レーヴェは笑いながらもリコリスの頭を優しく撫でると、その場からレーヴェが音もなく消え去ると同時に時計の音が止まったことにリコリスは気付いては、近くでロゼッタとシャルルが言い争いをしているのが聞こえてくる。



「ですからっ、私はシャルル様の事を想ってリコリスから離れるように言っているんです!」


「だからって、無理矢理と離すために薬物を使うのは軍事国家では死刑だ」


「っ………なんで、……」


「……調べれば、キミは色々と裏でやらかしてくれているって知り合いの冒険者から聞いた」


「!?」



ロゼッタはシャルルの冷めた眼差しを見ては、泣きそうな顔をしては俯いて近くにあった果物ナイフを掴んでいた。



「貴方を奪われるぐらいなら、」


『ーーーーを奪われるぐらいなら』


「私が、貴方を殺しますっ!」


『ーーーーが、ーーーーを殺しますから』



リコリスは何かと重ねたが何なのか分からないが、無意識に身体を動かしてはシャルルの前に来てはロゼッタが持ってる果物ナイフによって深く刺されてしまう。



「ぁ………」


「だめ、だよ……喧嘩、なんて……」


「リコリスっ!?そんな、“また”かよっ」



シャルルは泣きそうな顔をしながらも、倒れそうになったリコリスを優しく抱きしめては座り込む。


慌ただしく周りが動いては、誰かは軍医を呼び出していたり止血しようと動いている人もいた。



「り、リコリスっ」



リコリスとシャルルの側へと駆け寄ってきたのは、ライカとレーヴェの二人で止血をするのを手伝ったりしていた。
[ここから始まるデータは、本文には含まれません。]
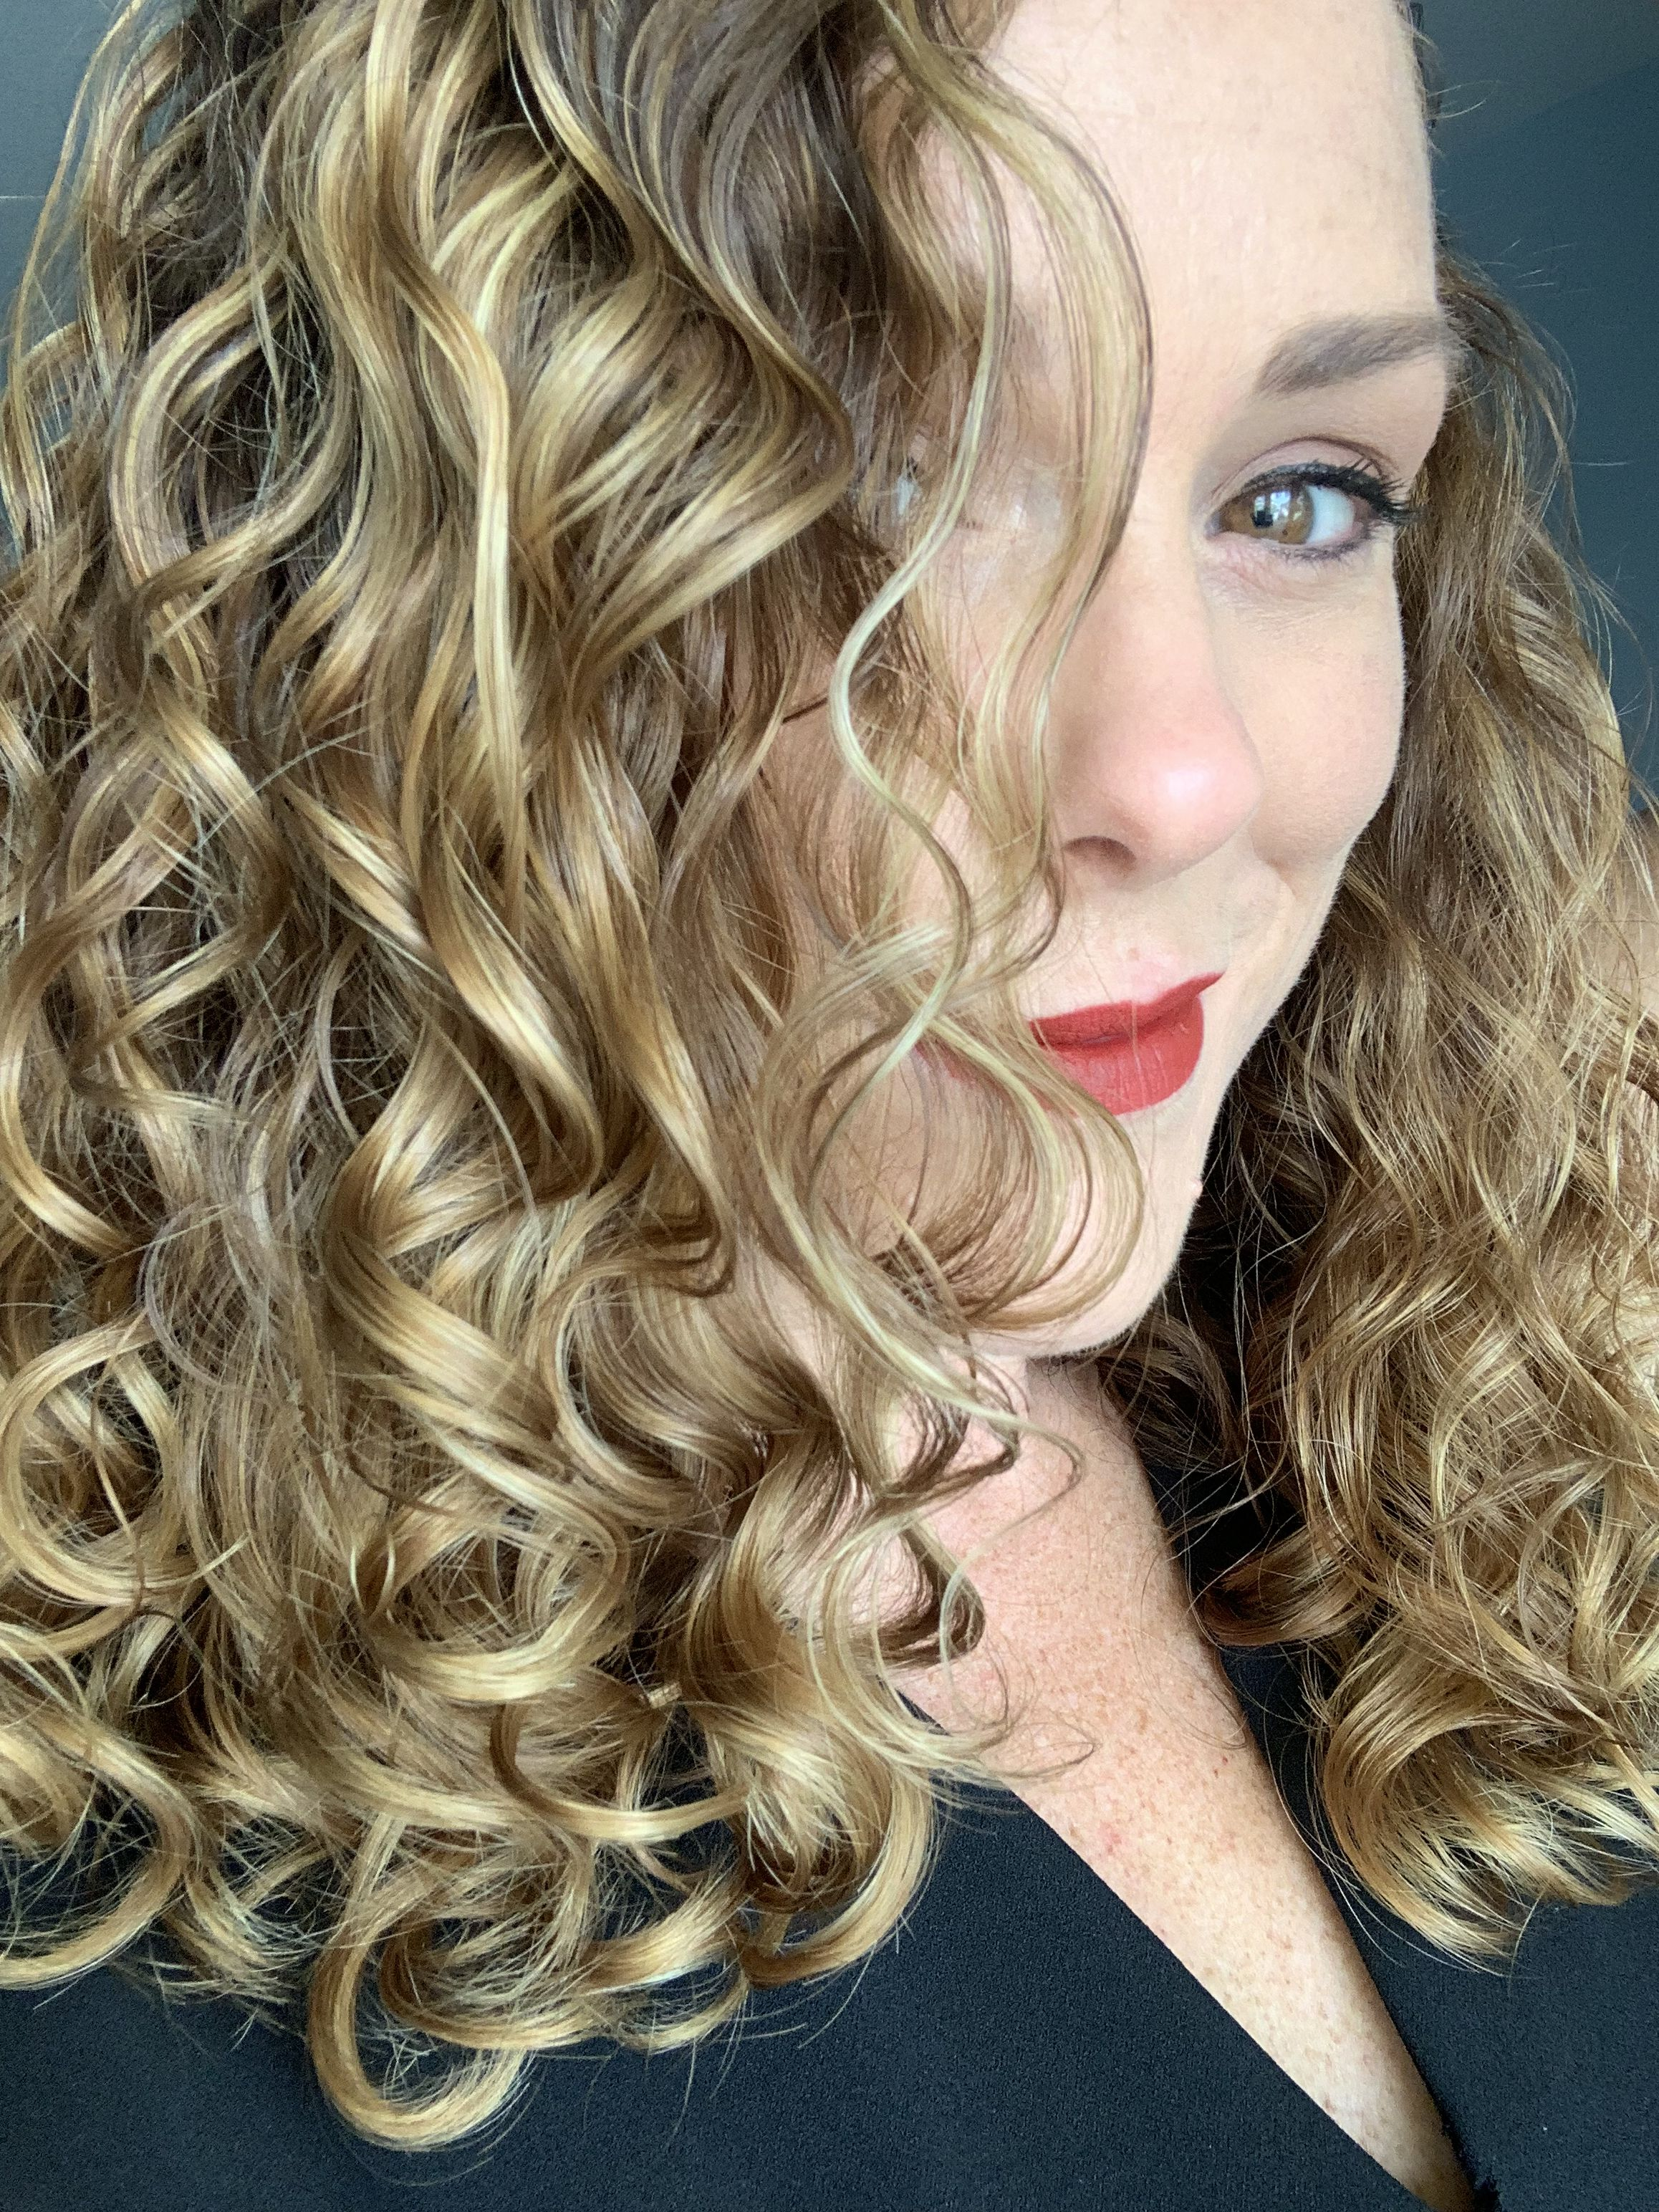 Hair Quiz In 2020 Hair Quiz Curly Hair Styles Naturally Curly Girl

だが、リコリスは手を伸ばしてはシャルルの頬を優しく撫でたと思えば力なく床へと手を下ろしてしまうと、リコリスの意識はブラックアウトしてしまう。



一瞬だけ重なった“アレ”は、何だったのか。

考えようとしても、白い靄が覆い隠してしまい考えることなどが出来なかった。



リコリスの意識が浮遊すると其処は自室ではなくパーティ会場の中で、“死因”が“シャルルの銃で撃たれそうたったロゼッタを庇って撃たれて死ぬ”に変わっていた。



「どうした、リコリス?」


「あ、レーヴェ」


「なんか、ボーッとしていたけど大丈夫か?体調が悪いなら、部屋で休んでおけ」


「あー、うん……そうさせてもらうね」



リコリスの顔色を見てはレーヴェが心配そうにしていて、部屋へと休むように言われてリコリスは休憩室用に用意された部屋に向かう。



「あら、ビッチじゃないの」


「ロゼッタ様」


「丁度、貴女に話があったのよ……休憩室に行くのでしょ?なら、其処で話をしましょ」


「え?あ、はい」



リコリスと共にロゼッタは休憩室へと入っては、リコリスを突き飛ばすとリコリスは床に倒れてしまう。



「いたっ……!」


「なんで、なんで、貴女なのよっ……私は、ずっとシャルル様の支えをしてきたってのにっ!パッと出の貴女がっ……」


「ロゼッタ様」


「貴女が居るからっ、いけないんだわっ!!」



ロゼッタは隠し持っていた折り畳み式のナイフを取り出しては、そのナイフをリコリスへと振りかざそうとした時に扉が開いてシャルルが銃を構えては、ナイフを振りかざしていたロゼッタへと向けるがリコリスが慌てて立ち上がりロゼッタの前に来ていた。



「リコ、ちゃん……?」



一つの銃声と共にリコリスは床に倒れていくのをシャルルは唖然とした表情で見つめては、その場で床へと力なく座り込んではしまう。



「リコリス!?」


「今の銃声はっ、何があったっ!!?」


「シャルル先生っ、早まったんじゃっ…!?」



ライカとヴィクトル、それにレーヴェが部屋に入ってきた所で、リコリスの意識はブラックアウトしていた。